Question

# Consider this scenario: An American company would like to barrow fixed-rate yen. They can barrow fixed-rate...

Consider this scenario: An American company would like to barrow fixed-rate yen. They can barrow fixed-rate yen at 5.4% or floating-rate dollars at LIBOR + 1.24%. There is also an Asian company who would like to borrow floating-rate dollars. They can borrow fixed-rate yen at 5.8% or floating-rate dollars at LIBOR + 1.7%. What is the total cost savings which can be realized through an interest rate/currency swap between the two?

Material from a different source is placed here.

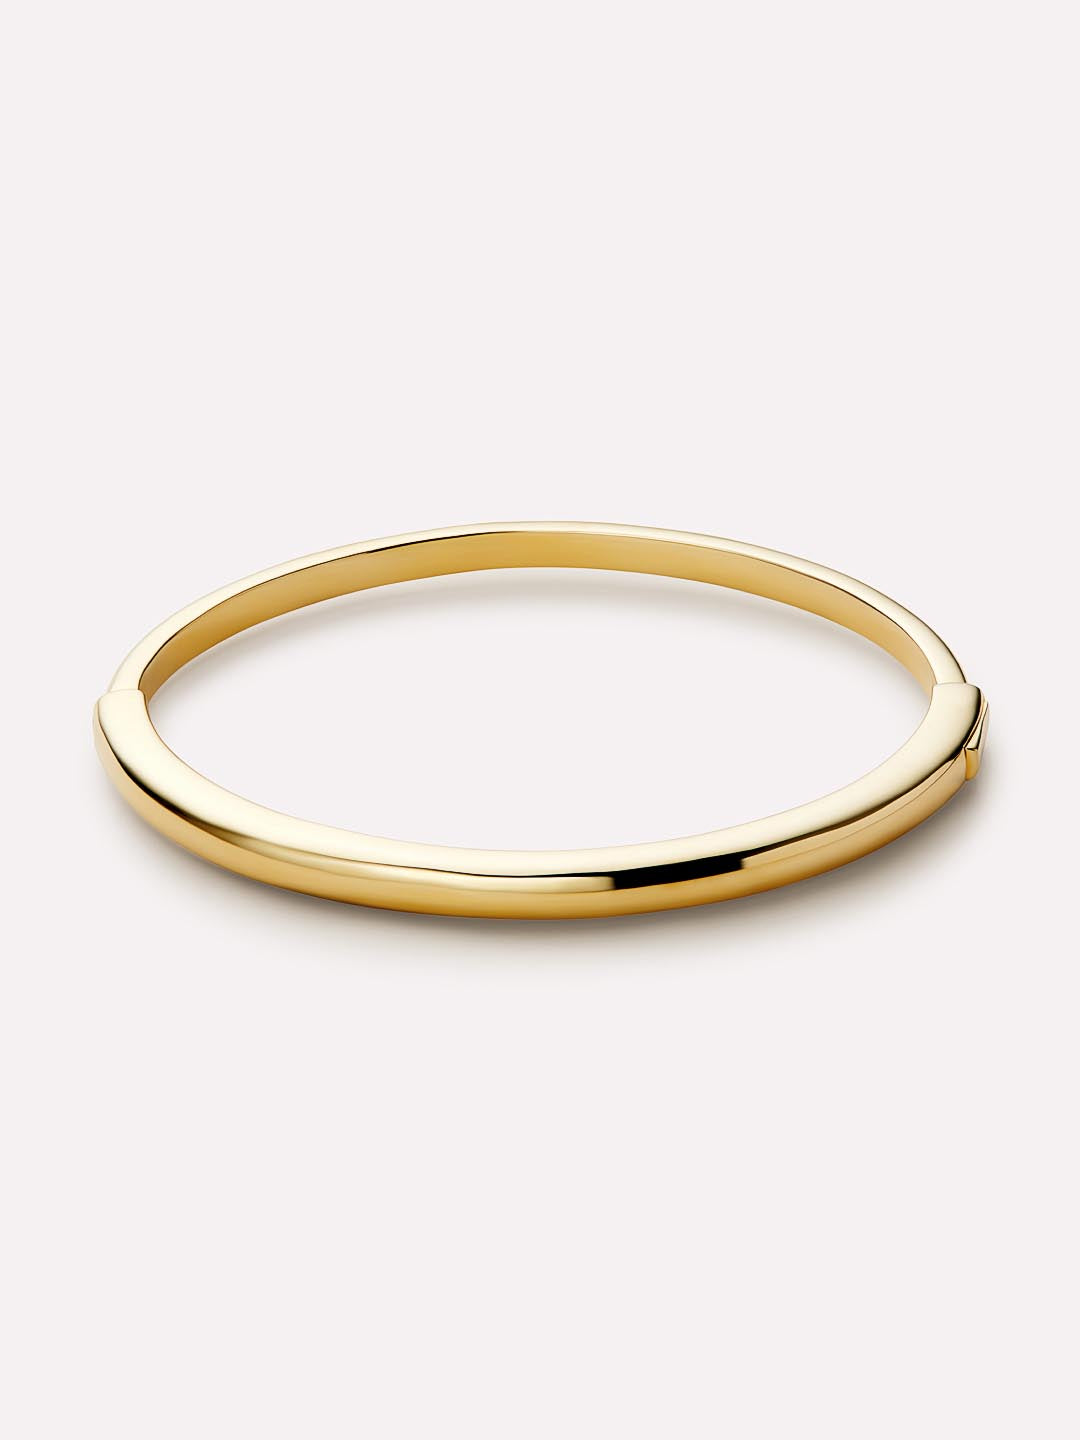 Buy 22k Gold Bangle Bracelet , Indian Gold Bangle Jewelry, Wedding Bridal  Jewelry, All Sizes K1837 Online in India - Etsy

In a swap, both companies will borrow at the opposite rate of what they desire. So, American company will borrow @LIBOR + 1.24% and Asian company will borrow @5.8%. They will then, enter a swap agreement, where American company will take the fixed rate of the Asian company and Asian company will take the floating rate of the American company.

Now, American company could borrow locally @5.4% but in the swap, they are getting a rate @5.8%. So, it is at a loss of 0.40%. This loss will be compensated from the mutual swap cost savings or gain.

The Asian company could borrow locally @ LIBOR + 1.7% whereas in the swap, it is getting a rate @ LIBOR + 1.24%. So, their is a gain of 0.46%.

Net cost savings = 0.46% - 0.40% = 0.06%

This gain will be shared equally among the two.